We understand that two important factors could affect our results. First, vertical integration by using pressure-level data could introduce more errors than by using sigma-level data. However, we do not have access to the NCEP–NCAR reanalysis on sigma levels. Second, mass balance correction might be important for the calculation of moisture fluxes, especially for the convergence over complex terrain. However, a comparison shows only slight differences over the study area between our result (using pressure-level data and without mass balance correction) and the mass balance corrected moisture fluxes by using sigma-level data from Trenberth (http://www.cgd.ucar.edu/cas/catalog/tn430/ncep/t42f/index.html).

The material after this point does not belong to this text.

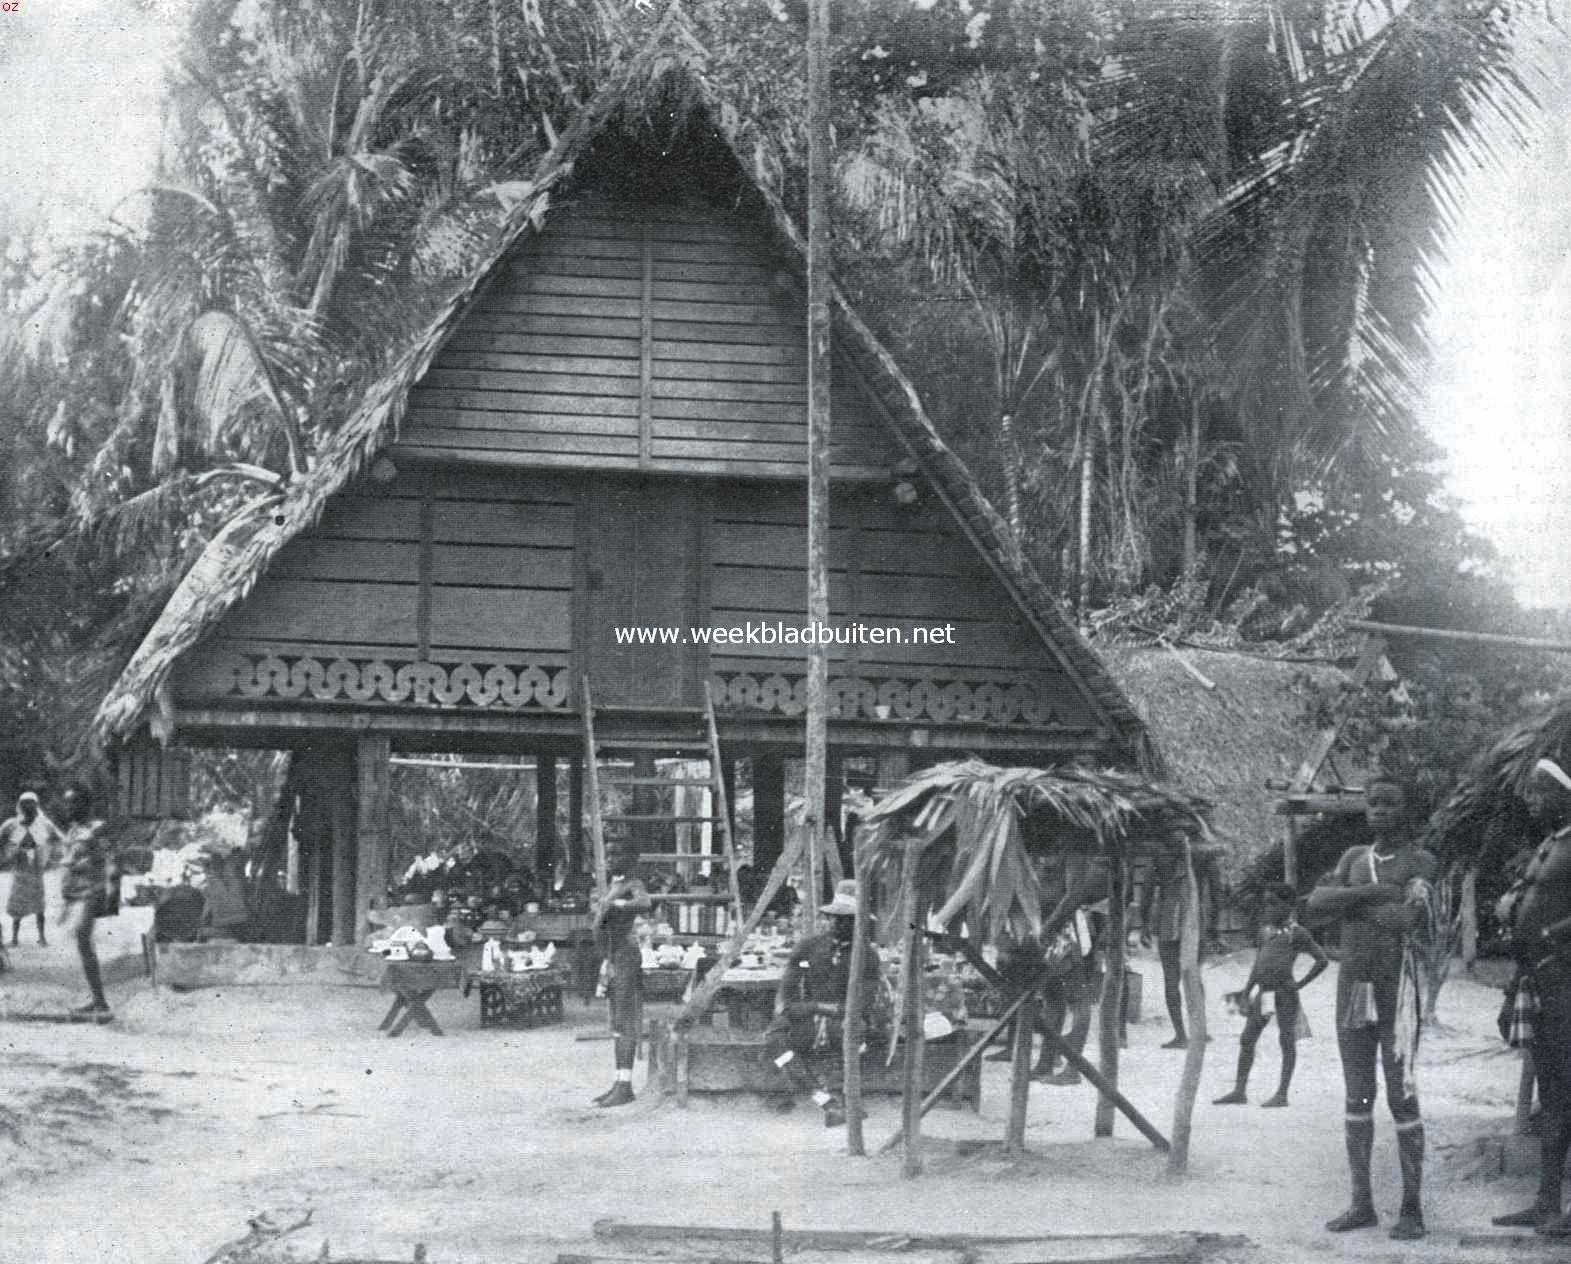 Een Afrikaansche samenleving in het binnenland van Suriname. Woning van Oseisei, granman (opperhoofd) der Aucaner Boschnegers te Drietabbetje in Suriname (Tabbetje betekent eiland, oseisei, een krachtig heerscher, was een der voorgangers van den thans ook overleden granman Amakti
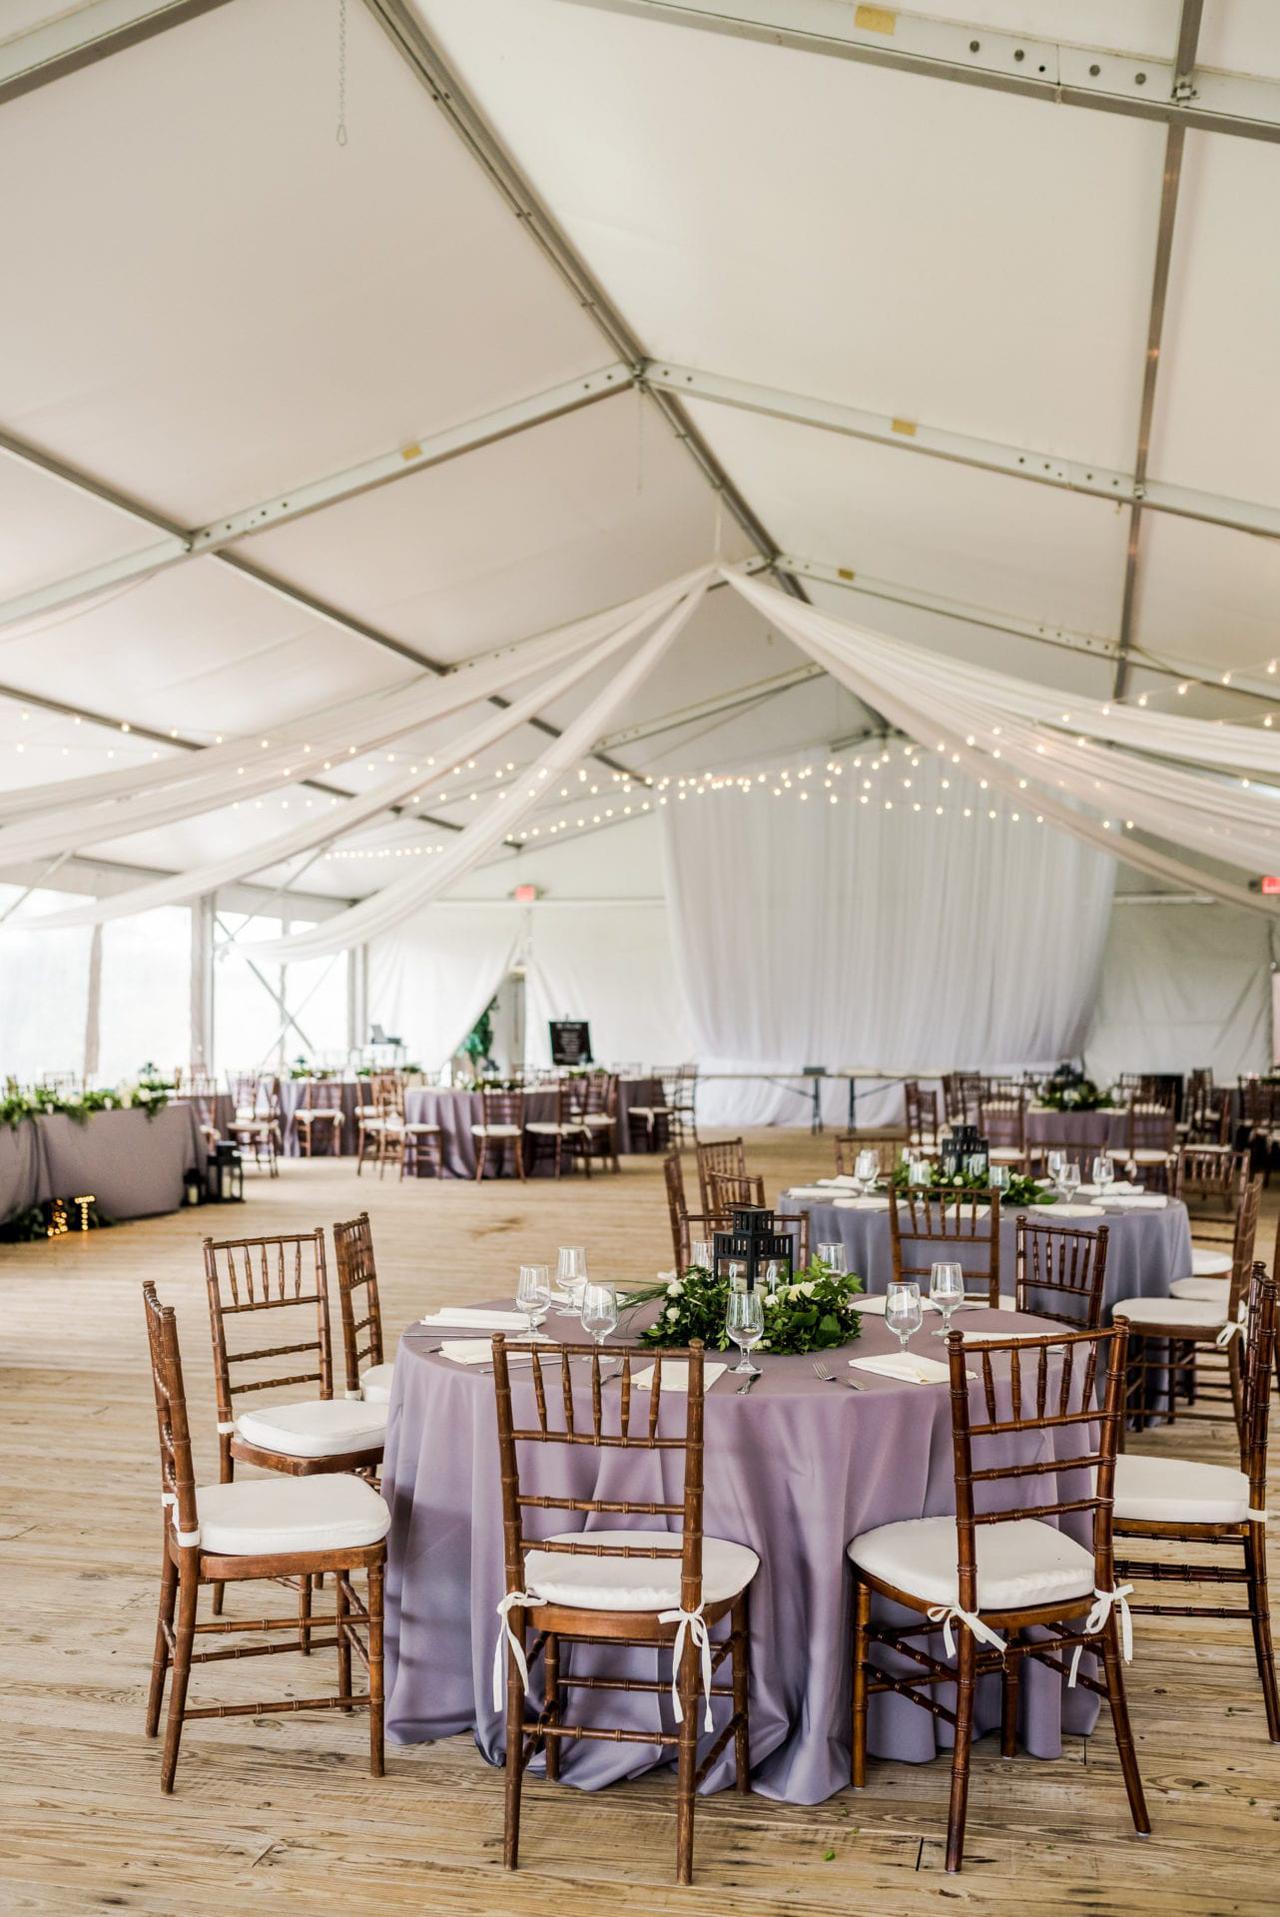 wedding tent interior at walker's overlook wedding venue in walkersville, md

The difference in moisture fluxes is within about ±10%. All of these points imply that the previous two issues are not significant over our study area and the data are quite acceptable for moisture flux analyses, the major objective of this study.

However, we also understand that this modest difference in moisture flux could translate into a significant difference in moisture flux divergence because any divergence calculation, at its core, represents the relatively small difference between two large flux terms. Therefore, while the previously mentioned two factors did not greatly affect the moisture flux calculation, they could be a significant source of the moisture flux divergence bias. When presenting the time series of moisture flux divergence in this article, we are more interested in its relative interannual variability than its absolute values.

3. Long-term features

Monthly and annual means of moisture flux divergence will be presented first in this section to assess the bias in the divergence estimation from the NCEP–NCAR reanalysis data over the basin. Then the discussion will focus on moisture fluxes and transports. These include moisture sources for this specific basin, as well as the horizontal and vertical variations of moisture fluxes and their annual cycles.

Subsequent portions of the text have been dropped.